Politics, Community, and Hip-Hop’s Religious Life
The conversation then shifted to discuss the interweaving of politics, religion, and community in hip-hop. Brother Ali suggested, “When we say politics, we are really talking about community. When we say art, we are really talking about culture.” Brother Ali reads hip-hop as inextricably linked to community cultural expression, and the connecting material that intertwines politics, community, art, and culture is energy. For Brother Ali, “energy is everything,” and it defines the beautiful intersections that he tries to capture in his music.
Brother Ali in an offhand comment also mentioned that “Islam is the unofficial religious tradition of hip-hop” to which Professors Neal and Douthit nodded in agreement. From the radical numerology of the Five Percenters to the legacy of Malcolm X for nationalist artists to the long history of Islam in African cultures dating before the transatlantic slave trade, it’s not difficult to see the truth in Ali’s comment.

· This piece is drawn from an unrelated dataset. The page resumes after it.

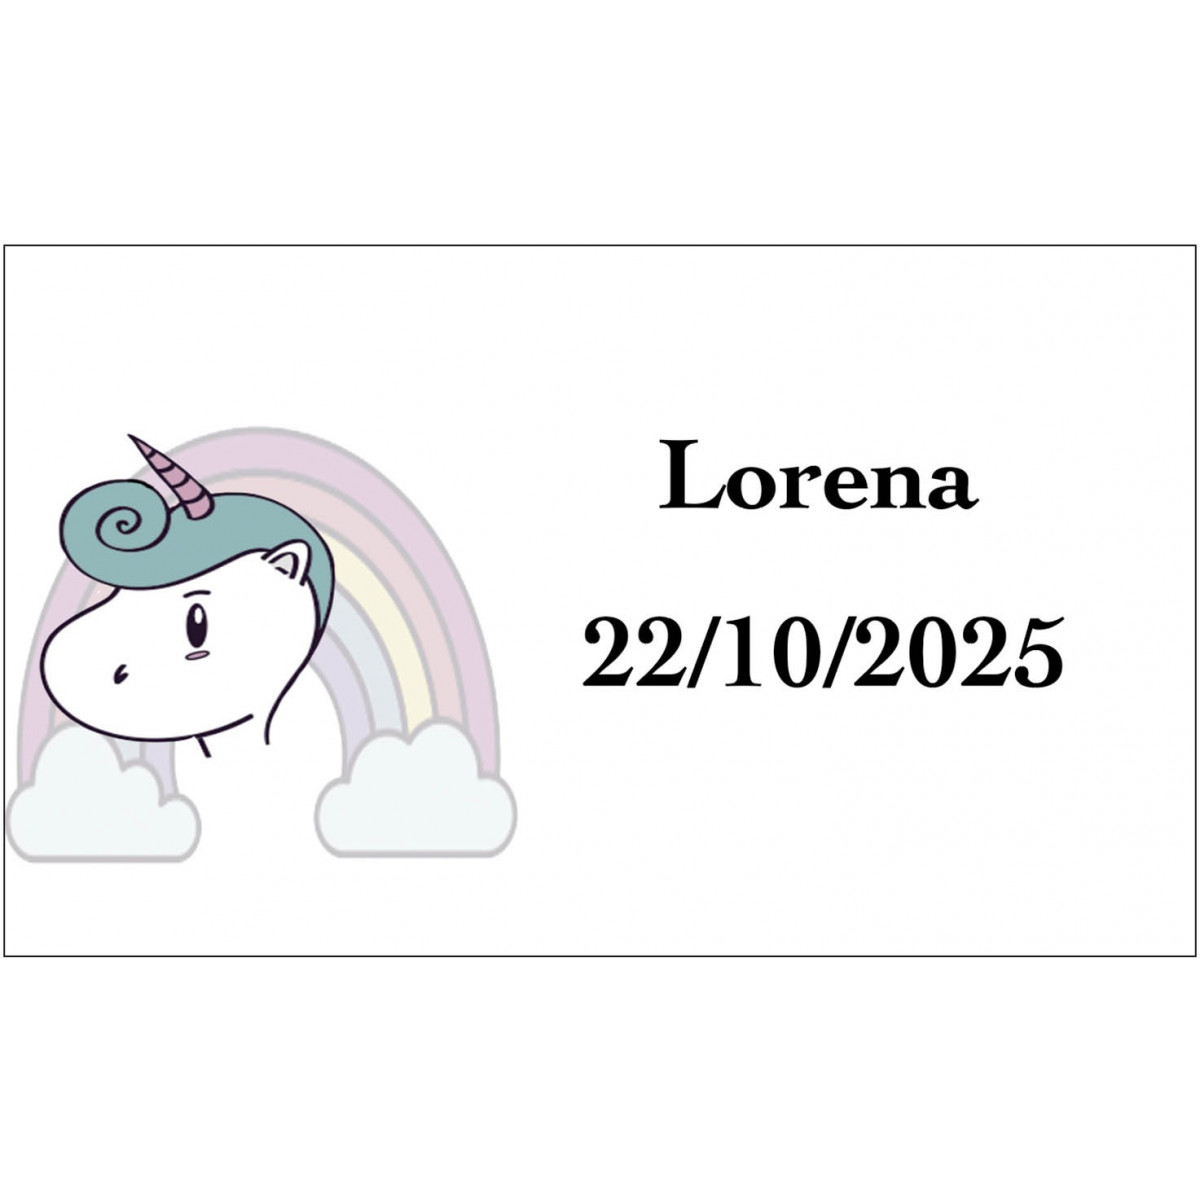 Adhesivo unicornio arcoíris personalizado con el nombre y fecha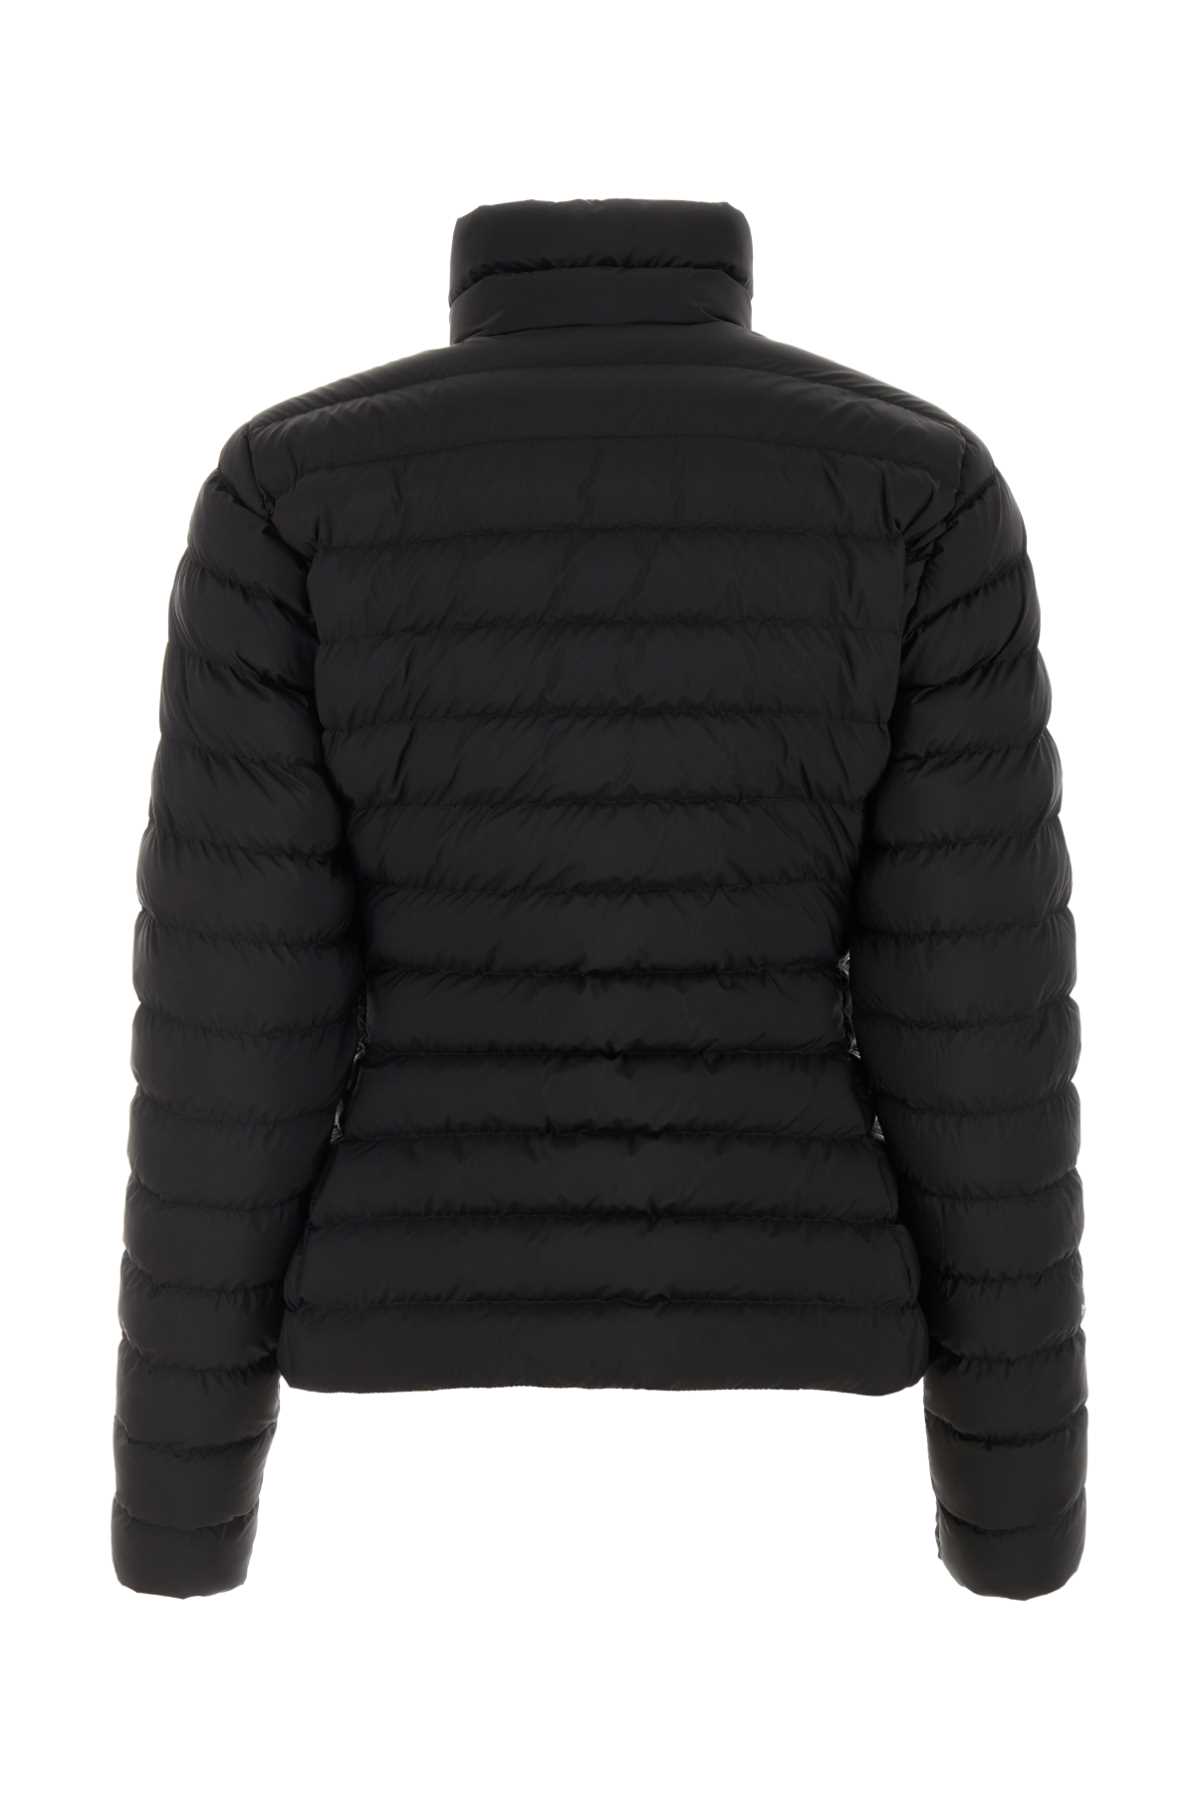 Balenciaga Black Nylon Padded Jacket

After all, Big Daddy Kane, Rakim, Brand Nubian, the Wu-Tang Clan, Nas, Busta Rhymes, and Jay-Z all incorporate the Five Percenter Supreme Mathematics into their lyricism. Lauryn Hill incorporates prominent Islamic phrases for keeping it on the straight and narrow in the lesser-discussed religious aspects of her opus Miseducation. Hip-hop also provides a framework for many black Muslim youth in the U.S. as detailed by Su’ad Abdul Khabeer in Muslim Cool: Race, Religion, and Hip-Hop in the United States. Undoubtedly Brother Ali’s comment suggests an important reality about hip-hop and Islam’s often overlooked intimacy.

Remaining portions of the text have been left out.